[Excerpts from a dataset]

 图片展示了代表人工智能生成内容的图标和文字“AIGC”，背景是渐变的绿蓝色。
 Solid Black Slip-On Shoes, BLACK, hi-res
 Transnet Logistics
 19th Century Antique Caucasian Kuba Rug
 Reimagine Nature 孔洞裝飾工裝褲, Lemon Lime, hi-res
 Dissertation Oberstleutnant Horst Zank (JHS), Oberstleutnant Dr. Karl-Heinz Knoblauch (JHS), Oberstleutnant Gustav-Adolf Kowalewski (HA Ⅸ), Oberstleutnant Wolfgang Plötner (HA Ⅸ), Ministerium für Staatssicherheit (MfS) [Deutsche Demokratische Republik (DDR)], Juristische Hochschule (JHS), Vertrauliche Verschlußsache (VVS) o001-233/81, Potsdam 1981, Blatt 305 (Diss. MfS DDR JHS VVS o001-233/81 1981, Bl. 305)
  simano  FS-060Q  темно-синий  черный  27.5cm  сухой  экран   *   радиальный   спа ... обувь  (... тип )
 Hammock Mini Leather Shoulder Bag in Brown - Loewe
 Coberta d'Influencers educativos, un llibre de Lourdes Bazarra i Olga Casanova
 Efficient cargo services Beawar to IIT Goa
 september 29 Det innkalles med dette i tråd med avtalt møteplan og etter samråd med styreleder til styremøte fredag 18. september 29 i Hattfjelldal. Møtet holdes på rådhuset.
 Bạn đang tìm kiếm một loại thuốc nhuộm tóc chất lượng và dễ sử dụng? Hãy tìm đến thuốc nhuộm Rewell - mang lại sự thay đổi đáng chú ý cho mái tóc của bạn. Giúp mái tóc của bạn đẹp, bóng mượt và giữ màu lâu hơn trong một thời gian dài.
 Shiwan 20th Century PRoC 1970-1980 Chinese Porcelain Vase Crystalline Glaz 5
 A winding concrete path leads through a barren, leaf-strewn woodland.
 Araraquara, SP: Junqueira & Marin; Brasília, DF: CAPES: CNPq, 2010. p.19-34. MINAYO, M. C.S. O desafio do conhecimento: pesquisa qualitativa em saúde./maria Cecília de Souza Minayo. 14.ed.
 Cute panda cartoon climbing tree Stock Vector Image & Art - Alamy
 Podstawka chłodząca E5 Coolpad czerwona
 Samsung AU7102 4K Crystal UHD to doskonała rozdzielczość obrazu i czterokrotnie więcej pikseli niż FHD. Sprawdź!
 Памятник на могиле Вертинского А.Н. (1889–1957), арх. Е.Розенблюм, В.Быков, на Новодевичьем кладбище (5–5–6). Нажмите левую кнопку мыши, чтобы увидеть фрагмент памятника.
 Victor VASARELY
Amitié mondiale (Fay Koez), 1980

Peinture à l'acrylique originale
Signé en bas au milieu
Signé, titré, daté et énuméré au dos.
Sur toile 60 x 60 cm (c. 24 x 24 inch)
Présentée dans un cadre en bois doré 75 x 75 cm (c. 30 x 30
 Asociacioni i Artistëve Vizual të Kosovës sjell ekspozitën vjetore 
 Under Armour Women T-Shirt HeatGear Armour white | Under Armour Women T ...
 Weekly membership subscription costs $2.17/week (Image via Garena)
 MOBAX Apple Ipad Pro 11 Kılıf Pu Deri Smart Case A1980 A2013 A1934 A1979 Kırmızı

- **Exercise aim**: If a line falls between the first line of the entries and the line containing "спа ... обувь", or is one of those two, restate it word for word; leave all other lines out.

- **Your solution**:
 图片展示了代表人工智能生成内容的图标和文字“AIGC”，背景是渐变的绿蓝色。
 Solid Black Slip-On Shoes, BLACK, hi-res
 Transnet Logistics
 19th Century Antique Caucasian Kuba Rug
 Reimagine Nature 孔洞裝飾工裝褲, Lemon Lime, hi-res
 Dissertation Oberstleutnant Horst Zank (JHS), Oberstleutnant Dr. Karl-Heinz Knoblauch (JHS), Oberstleutnant Gustav-Adolf Kowalewski (HA Ⅸ), Oberstleutnant Wolfgang Plötner (HA Ⅸ), Ministerium für Staatssicherheit (MfS) [Deutsche Demokratische Republik (DDR)], Juristische Hochschule (JHS), Vertrauliche Verschlußsache (VVS) o001-233/81, Potsdam 1981, Blatt 305 (Diss. MfS DDR JHS VVS o001-233/81 1981, Bl. 305)
  simano  FS-060Q  темно-синий  черный  27.5cm  сухой  экран   *   радиальный   спа ... обувь  (... тип )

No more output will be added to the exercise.